Um dia ideal para os peixes-banana. Esse é o primeiro conto do livro Nove Estórias. Confesso que fiquei bastante animada quando ouvi ele indicando o Salinger pra gente. Ler um texto dele pra faculdade não seria nenhum castigo. O castigo, eu imaginei, seria achar o bendito. Bom, pra sorte da galera, ele disponibilizou cópias do conto, mas eu senti que aquele não era o caminho pra mim. Veja bem, eu acredito em destino, e levando em conta toda a saga pela qual eu já estava passando, não custaria acrescentá-lo, junto a Franny e Zooey, à minha busca. E foi o que eu fiz.
Saindo da aula, fui na Livraria Cultura da Avenida Paulista disposta a levar o que tivesse lá.
- Onde estão os livros do Salinger? - perguntei à primeira vendedora que encontrei
- Em que língua?
- Hmmm...pode ser em inglês ou português.
- Acho que só vou ter em inglês mesmo.

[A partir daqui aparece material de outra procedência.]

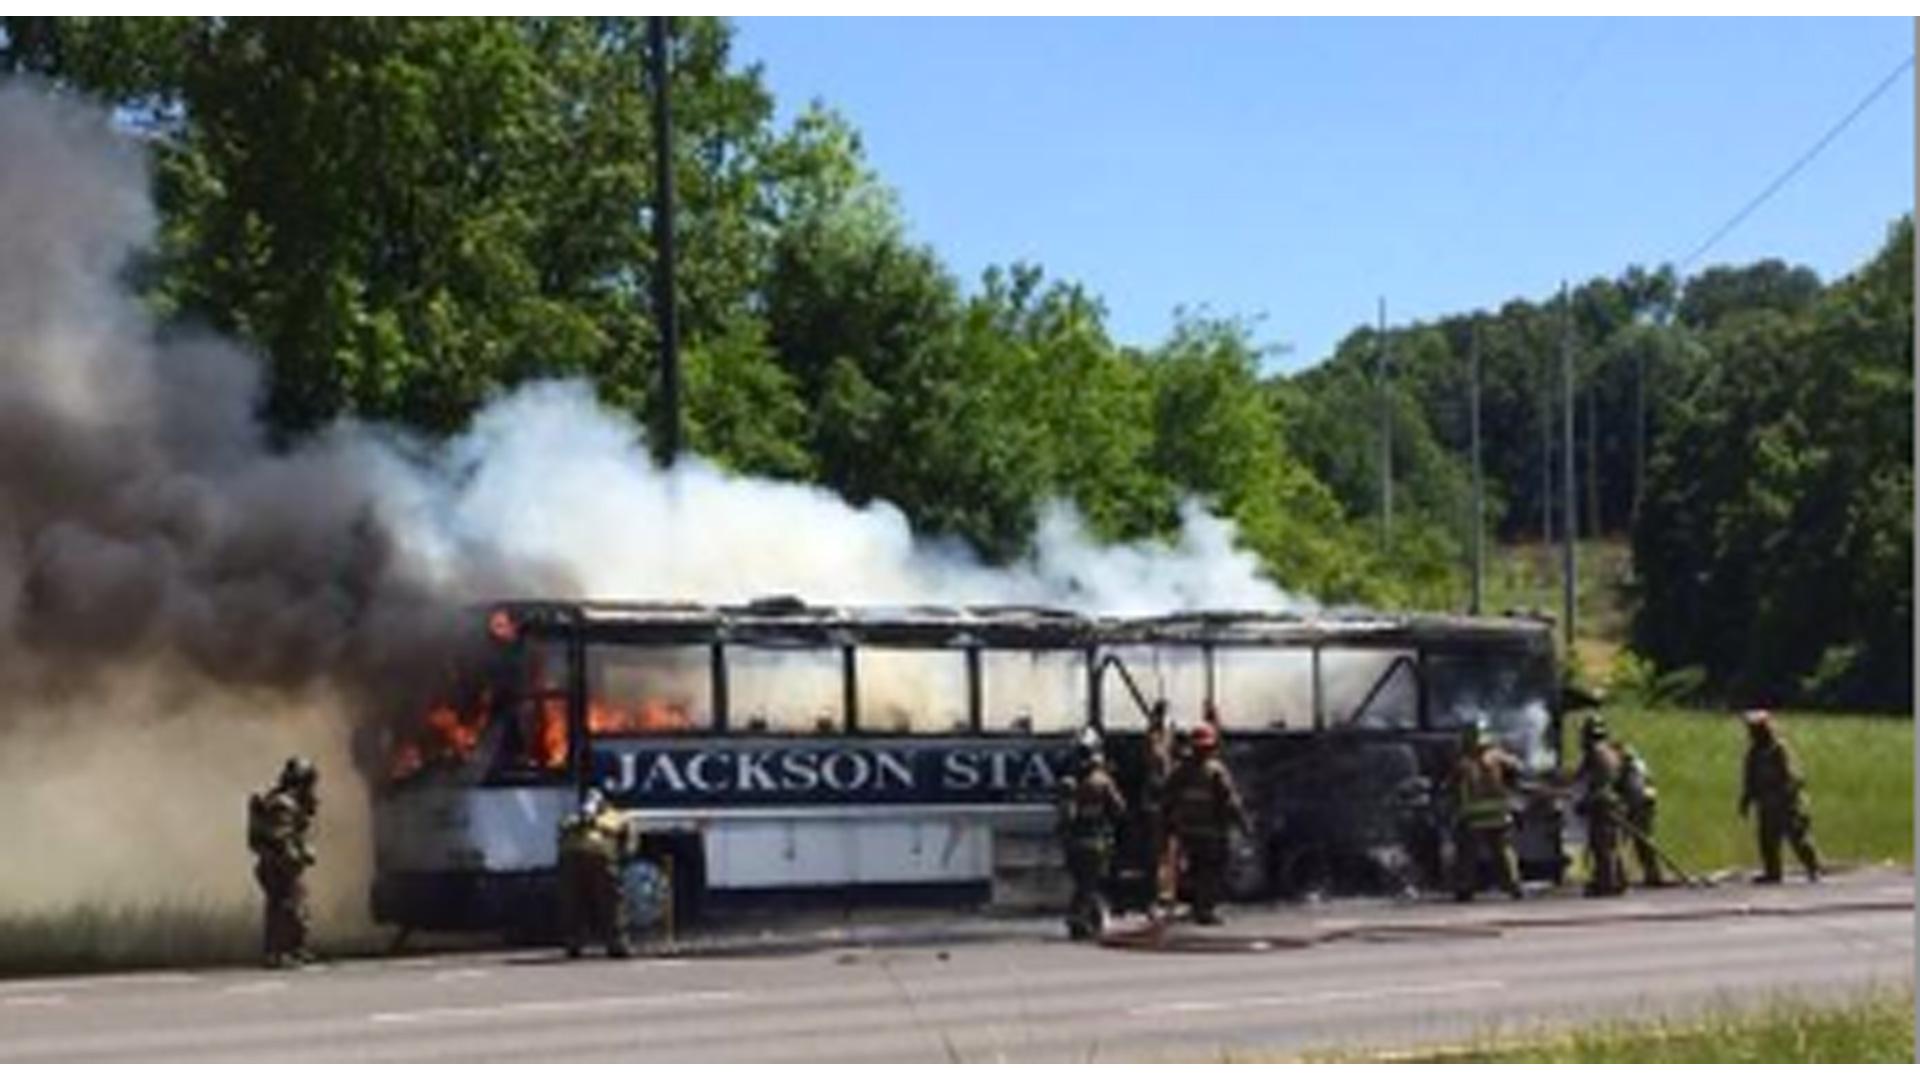 jackson-state-team-bus-050514-twitter-ftr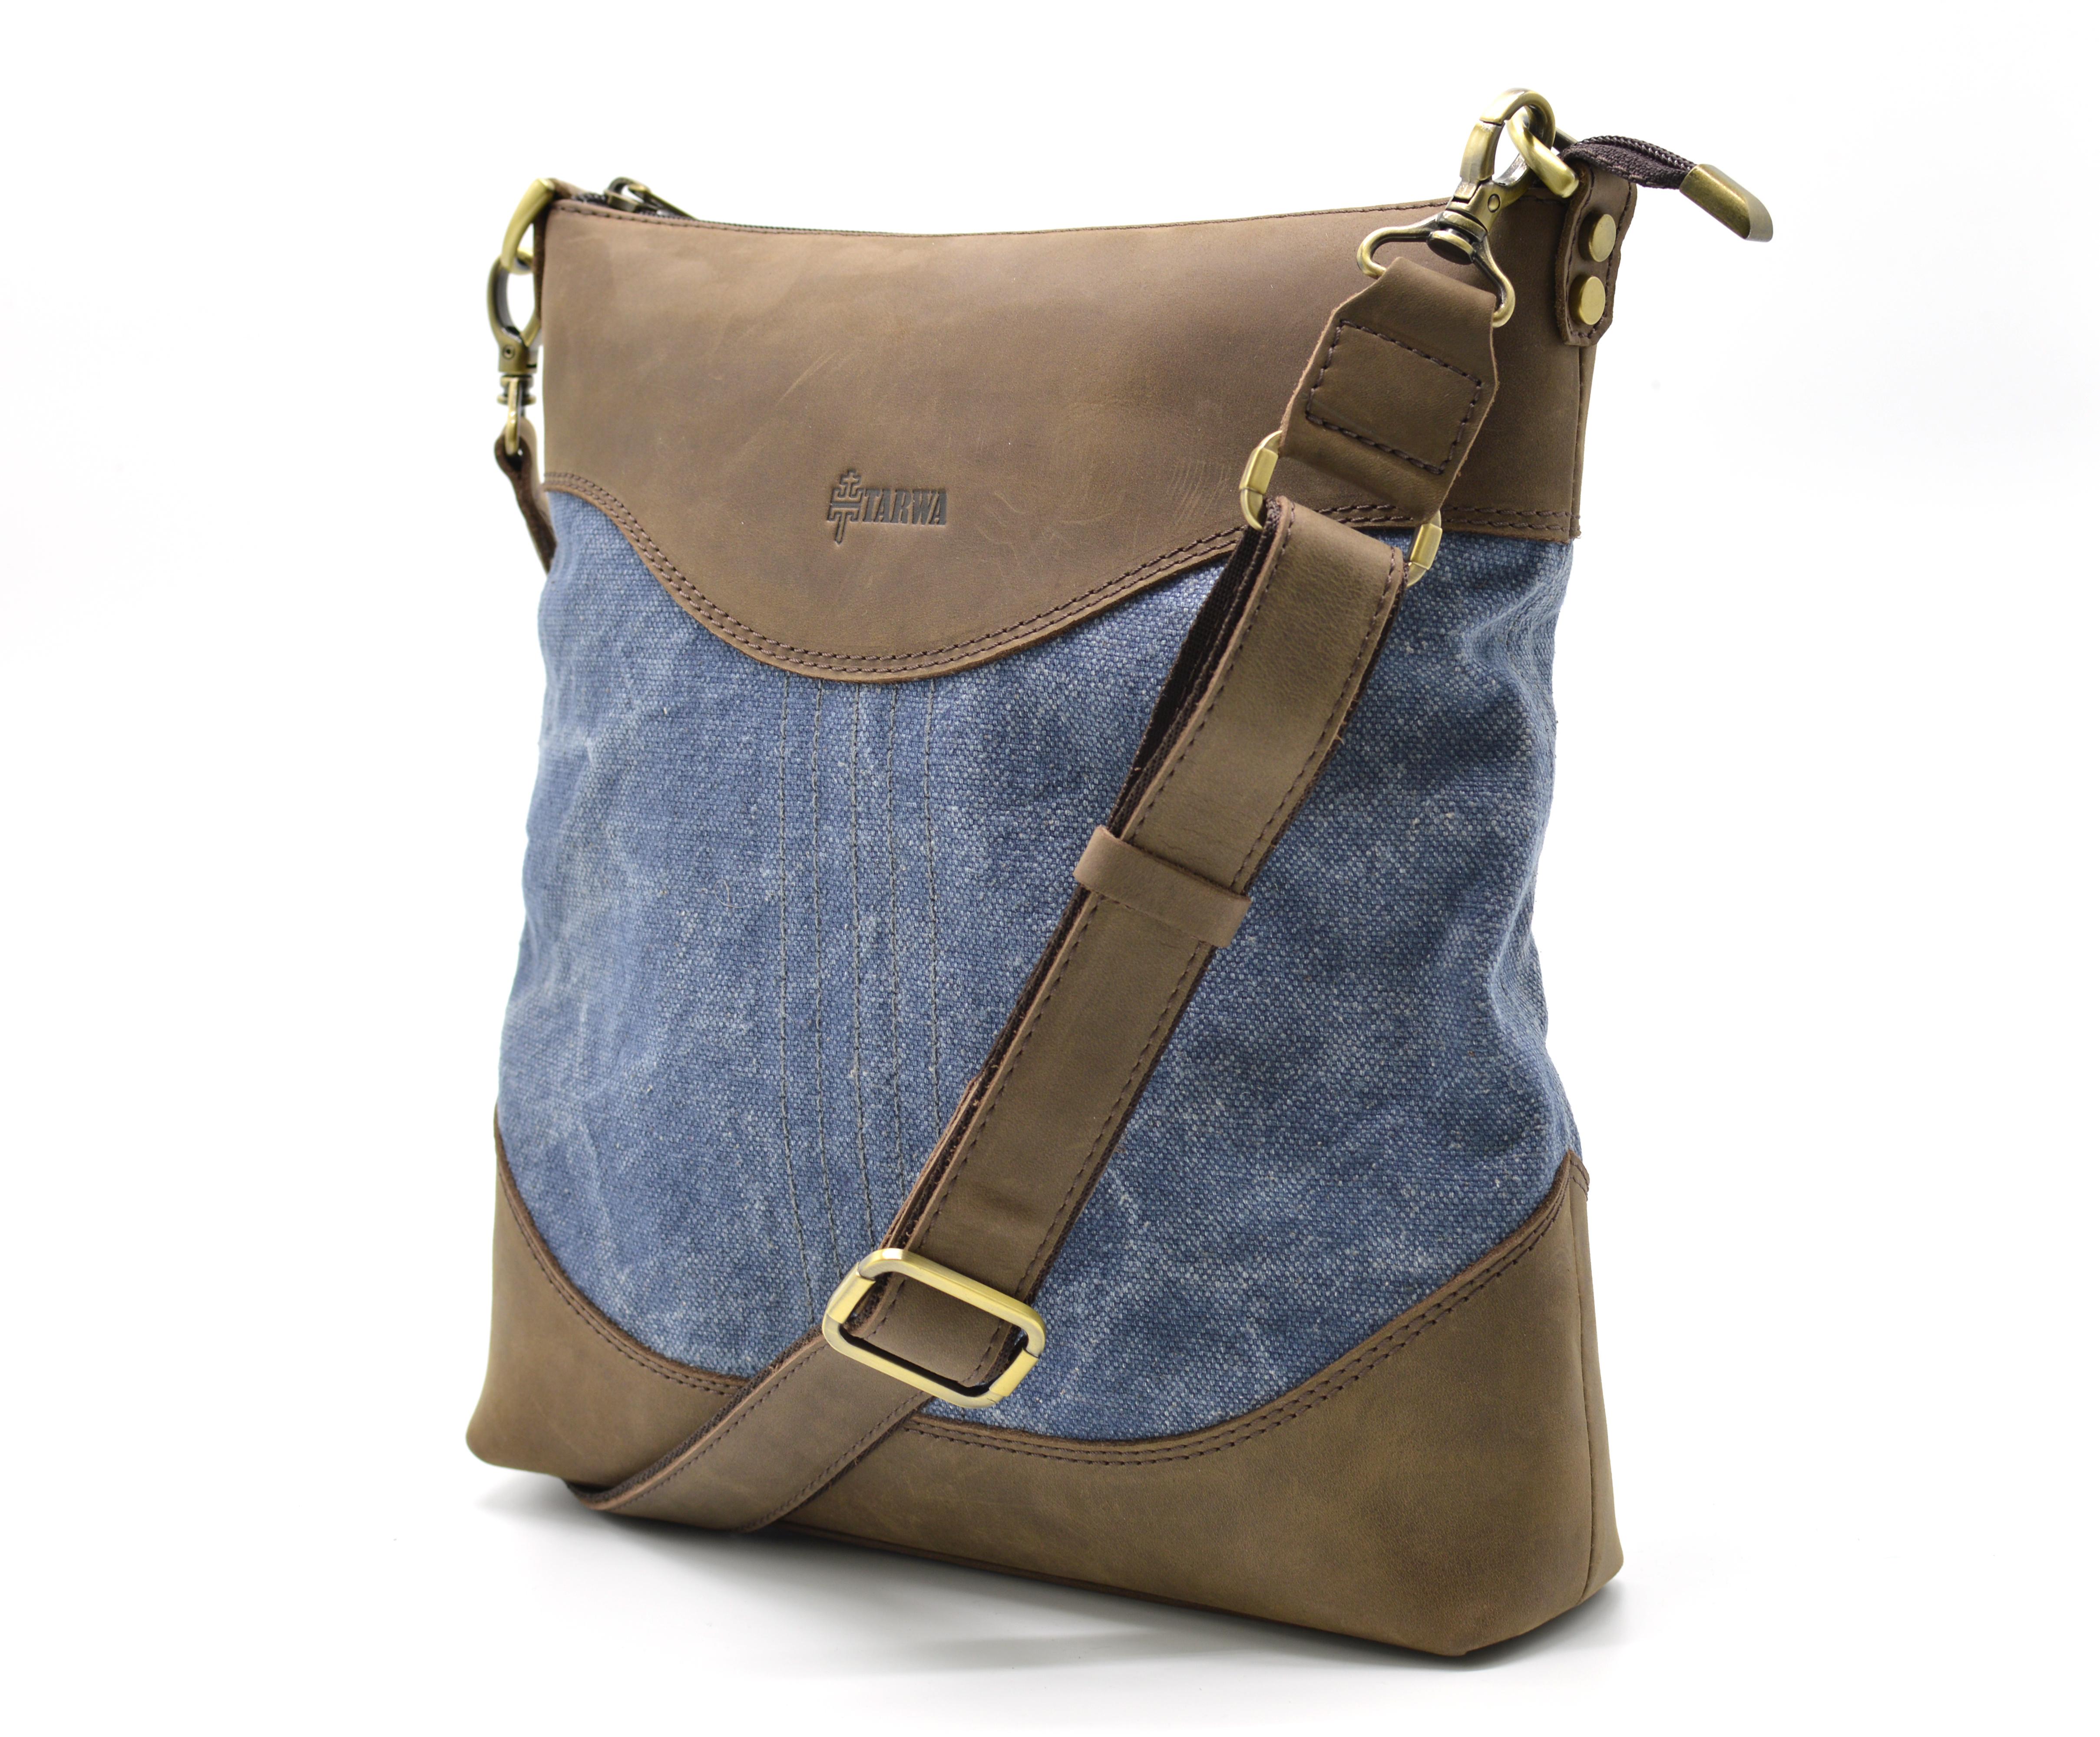 997fc28400c7 Мы отшили новую коллекцию сумок через плечо, немного не успели до августа  :), но тем не менее, бренд TARWA безудержно бежит вперед, как паравоз.

Venha comigo - ela disse.
Chegando na estante, só dois livros eram do Salinger. Um, claro, era O Apanhador. O outro, pra minha sorte, era Nove Estórias. Encontrá-lo assim, fácil? Uau, aquele parecia ser meu dia. Aproveitando a boa maré, perguntei sobre Franny e Zooey.
- Hmm, se não tem aqui na estante dos livros em inglês, não tem. Agora que o Salinger morreu, eu recebo 200 livros dele e em dois dias todos já foram vendidos. Antes eles ficavam um tempo nas estantes, mas agora, nada. - me falou a vendedora.
Sim, era óbvio. Quem não lucra quando morre, né? Dãã! Bom, eu não podia reclamar. Já tinha achado um livro, mesmo que em inglês. Me dirigindo ao caixa, resolvi dar uma olhada geral na livraria. Pra quem não a conhece, a Cultura da Avenida Paulista é simplesmente o paraíso dos livros. É enorme, cheia de pufes coloridos e muitas pessoas lendo ou dando voltas pelo local. Já era tarde e eu não podia ficar muito tempo por lá, mas resolvi dar uma passeadinha. Foi quando encontrei um vendedor disponível e, como quem não quer nada, perguntei se ele não tinha mesmo o maldito livro que eu estava procurando tanto.
- Franny e Zooey? Hmm, quase certeza que tenho sim.
- AHN? Tem mesmo?? Sério? Eu perguntei pra outra vendedora e ela disse que não tinha!
- É, pois é...Os livros do Salinger têm saído muito rápido! E faz um tempinho que não recebemos reposição. Mas se eu não me engano, vi ele hoje na estante. Vamos lá.
Eu só faltei cruzar os dedos enquanto me dirigia com o vendedor à estante. Pra minha aflição, quando chegamos lá, ele não achou o livro. Olhou umas três vezes e nada. "É...acho que já levaram", ele me disse. Bom, tudo bem né...fazer o quê. Eu já estava agradecendo-o e indo pagar o Nove Estórias, quando escapou da boca dele um "Ôpa! Olha quem tá aqui!". Sério, ele falou desse jeito.
E eu sai feliz da vida da Livraria Cultura.
p.s. Hoje ele já está disponível pelo site e toda a saga poderia ter sido um tanto mais curta. Mas faz parte.